The result should be the full listing copied exactly, with no pictures in it.

Recorded information ::

Start of Block

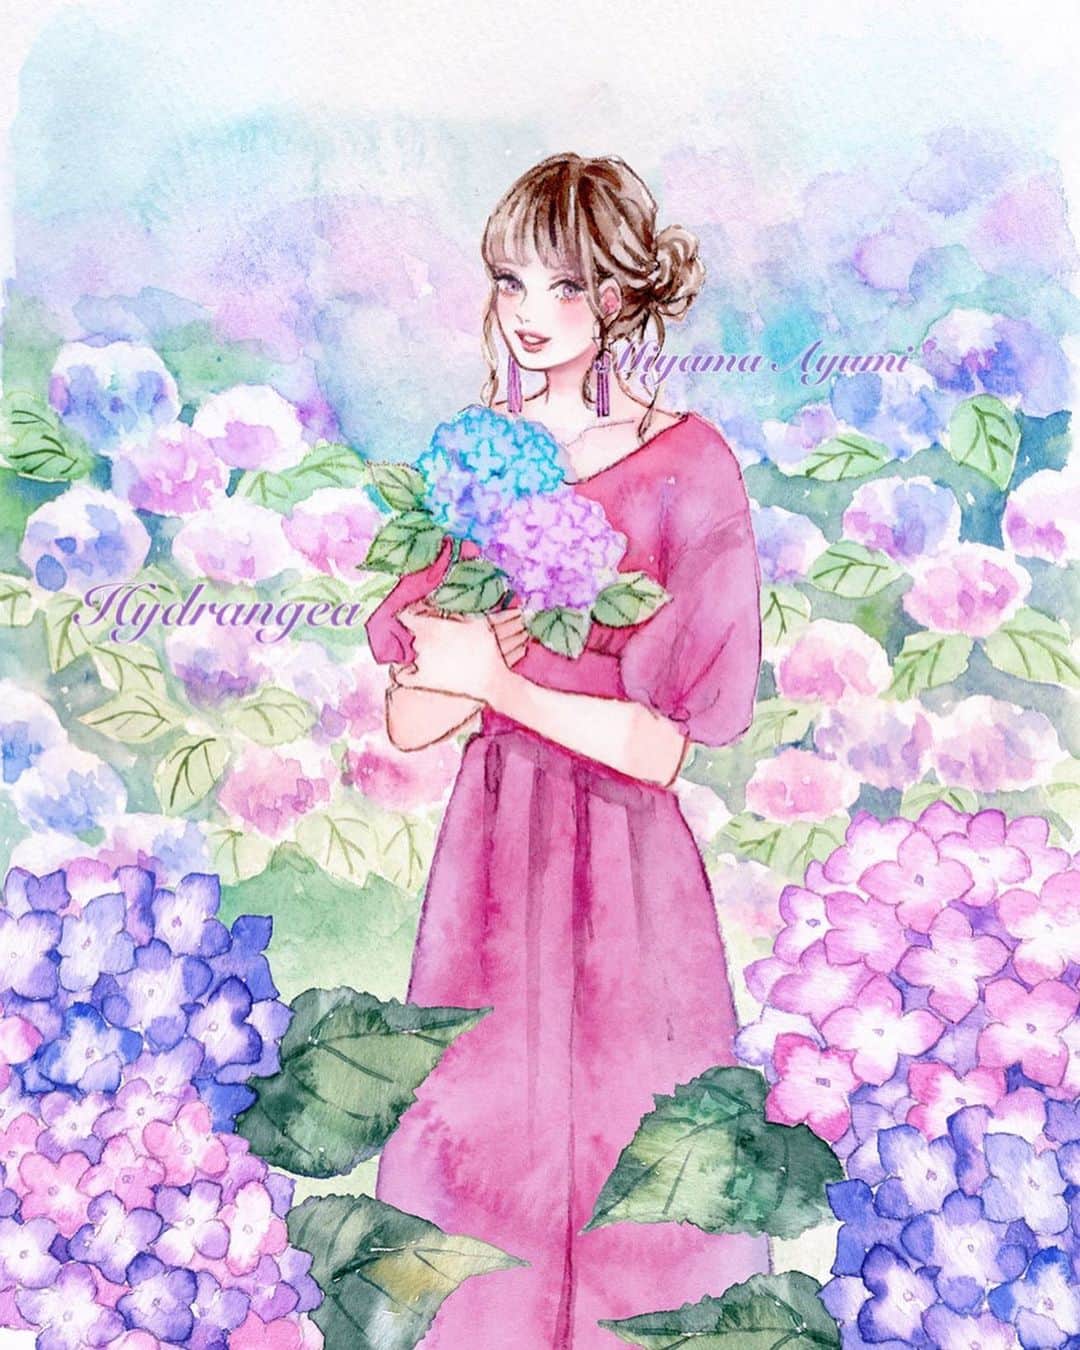 Miya ミヤマアユミ さんのインスタグラム写真 Miya ミヤマアユミ Instagram 紫陽花 1番好きな花かもと思うくらい毎年見惚れてしまいます 今年のカレンダー6月のイラストでした モデルは Xxmiz0rexx さん Artwork Watercolor 水彩 Art Illust
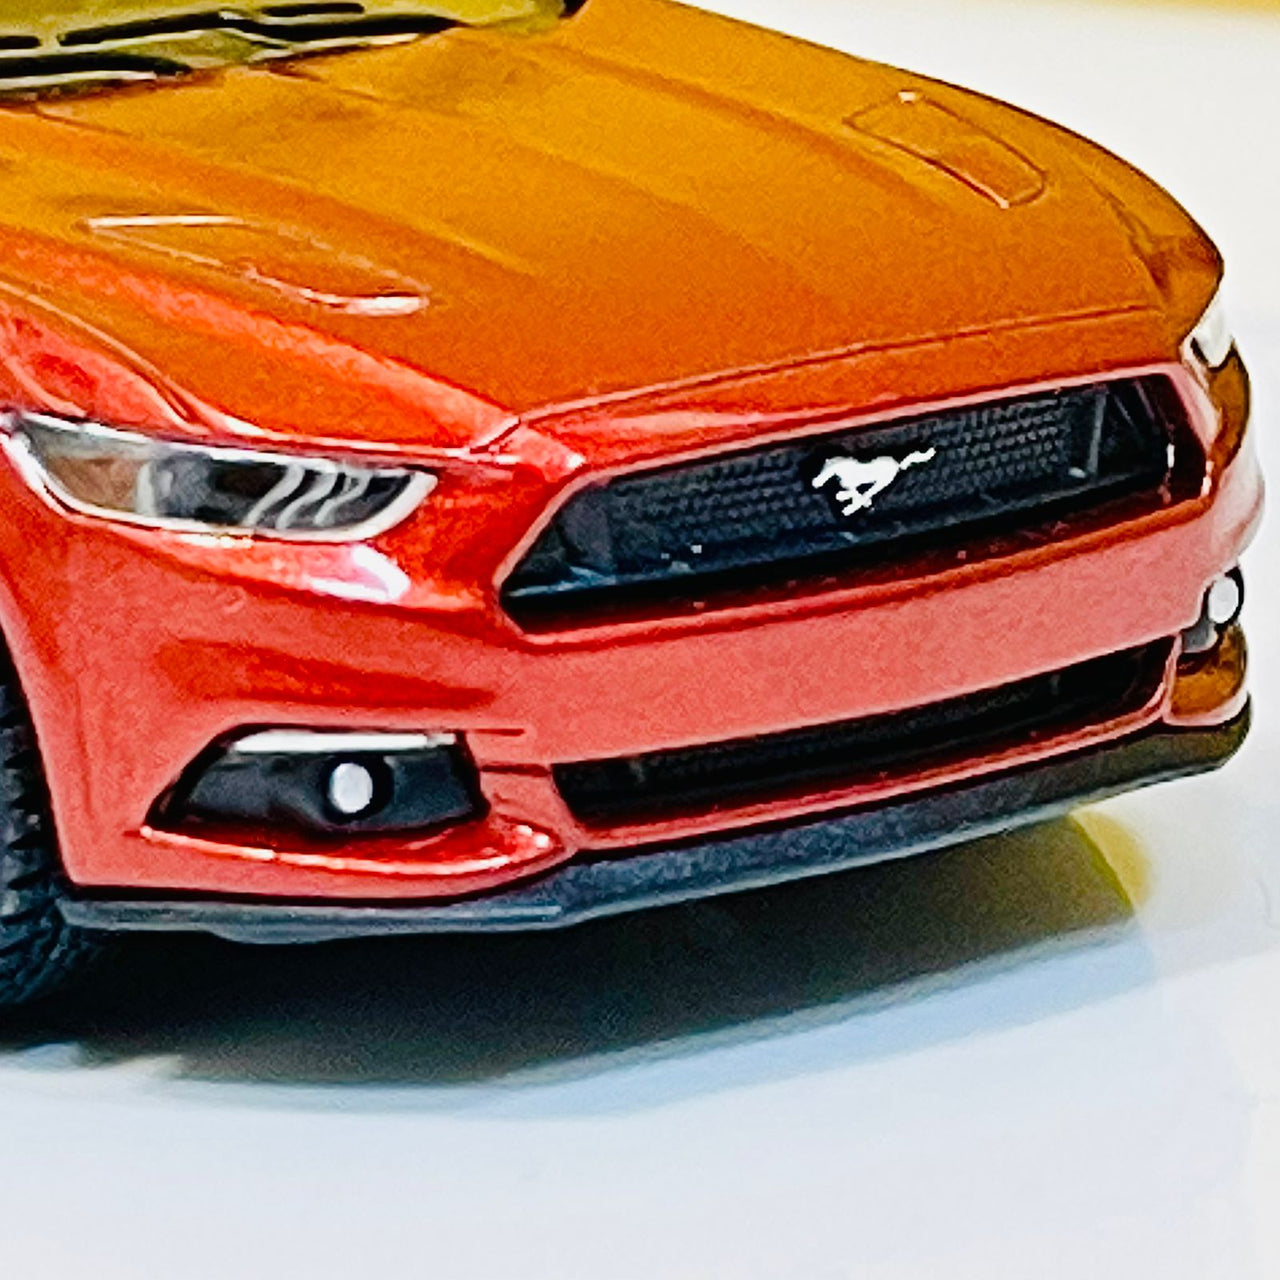 Kinsmart 2015 Ford Mustang GT
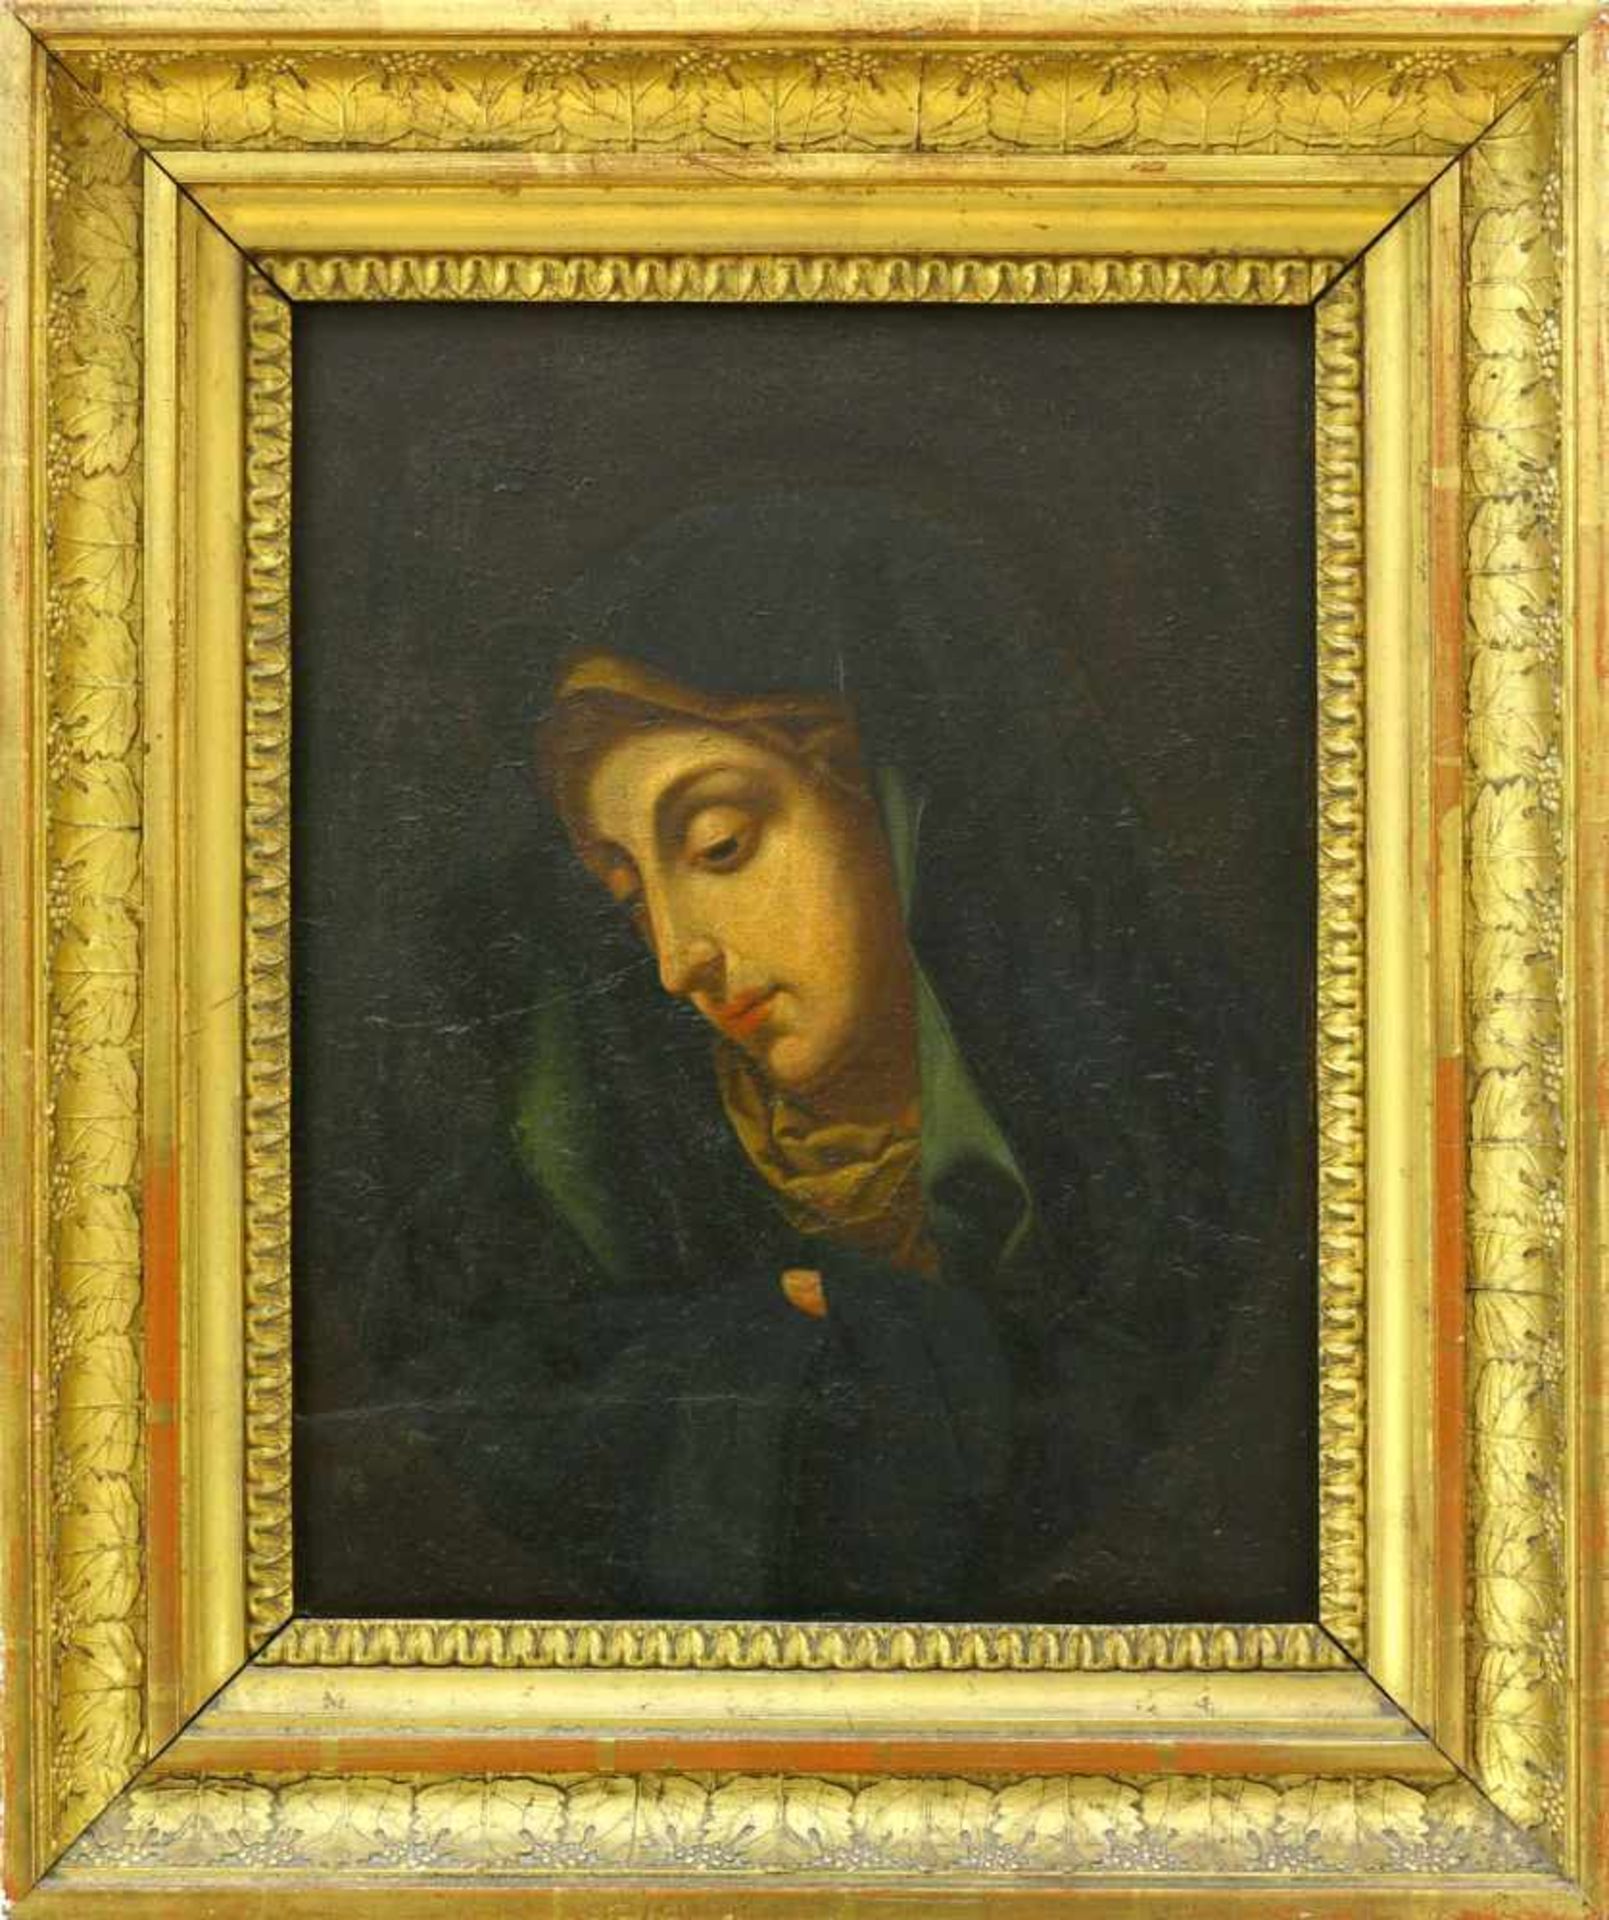 Maler, 18. Jh., wohl SpanienMadonna, den Blick nach unten gerichtet. Öl auf Holz. 27,2 x 21,2 cm.
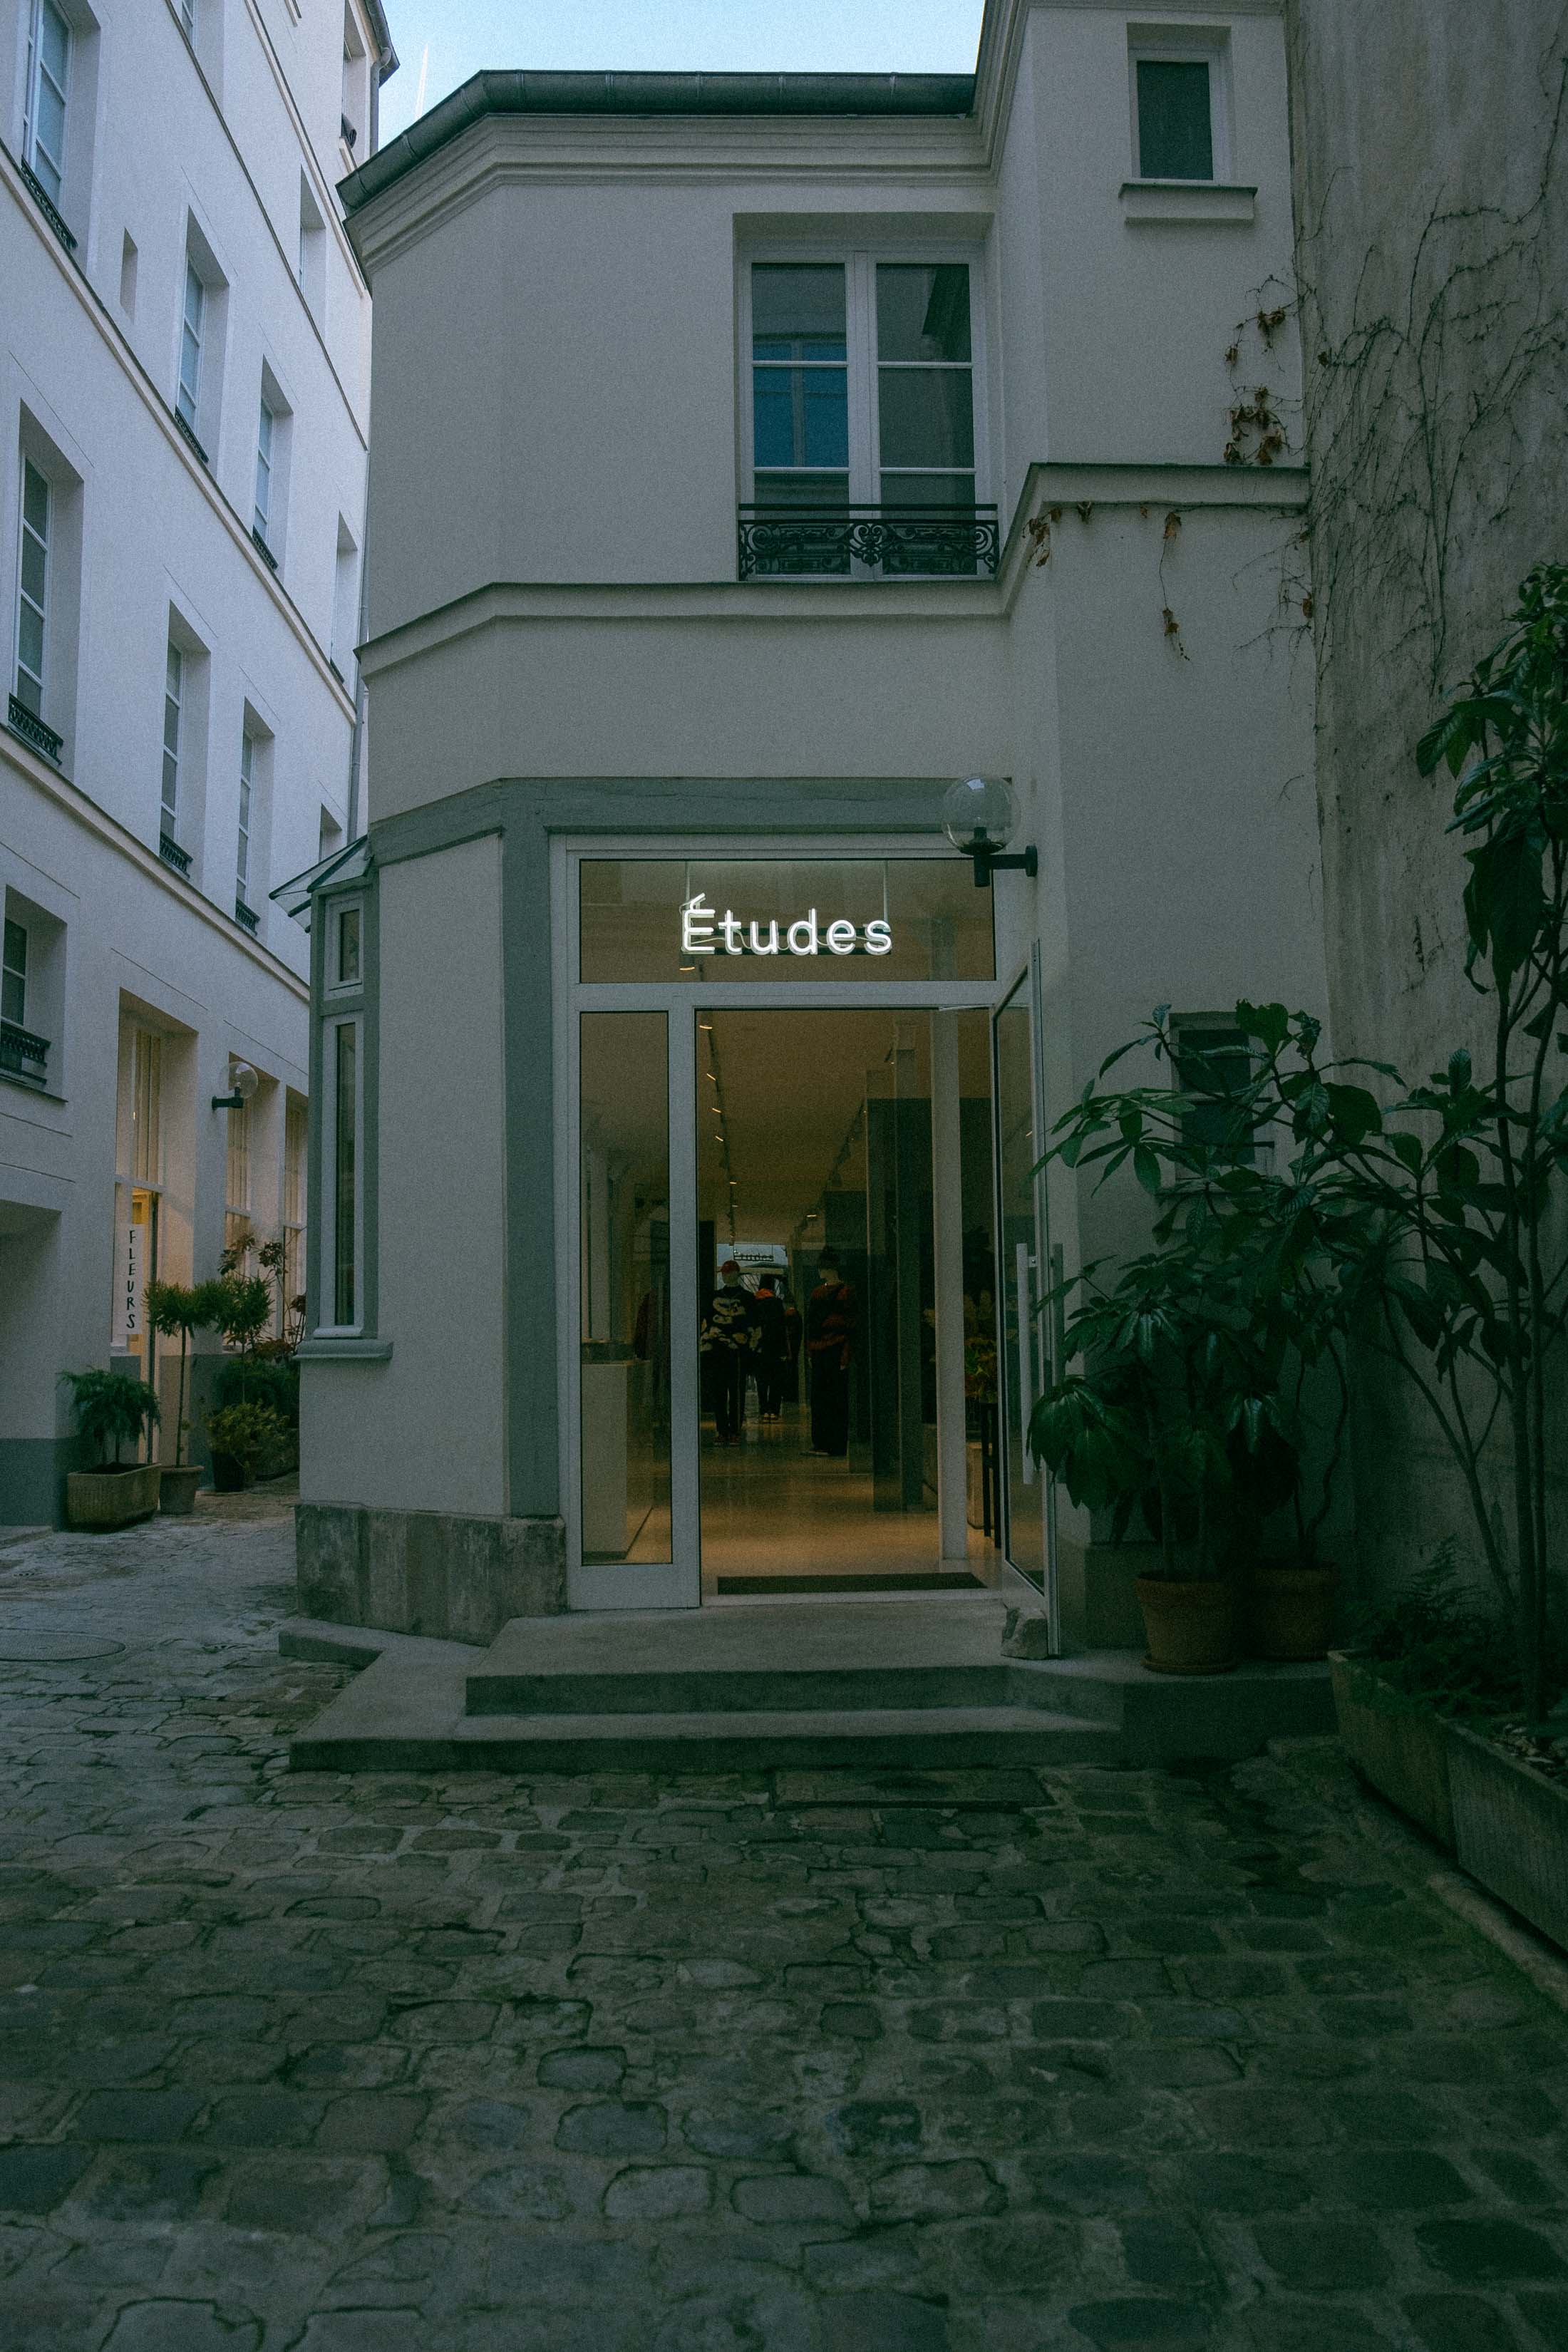 The Études boutique in Le Marais Paris

End of Block

Result below ::
 Miya ミヤマアユミ さんのインスタグラム写真 Miya ミヤマアユミ Instagram 紫陽花 1番好きな花かもと思うくらい毎年見惚れてしまいます 今年のカレンダー6月のイラストでした モデルは Xxmiz0rexx さん Artwork Watercolor 水彩 Art Illust
 Kinsmart 2015 Ford Mustang GT
 Maler, 18. Jh., wohl SpanienMadonna, den Blick nach unten gerichtet. Öl auf Holz. 27,2 x 21,2 cm.
 The Études boutique in Le Marais Paris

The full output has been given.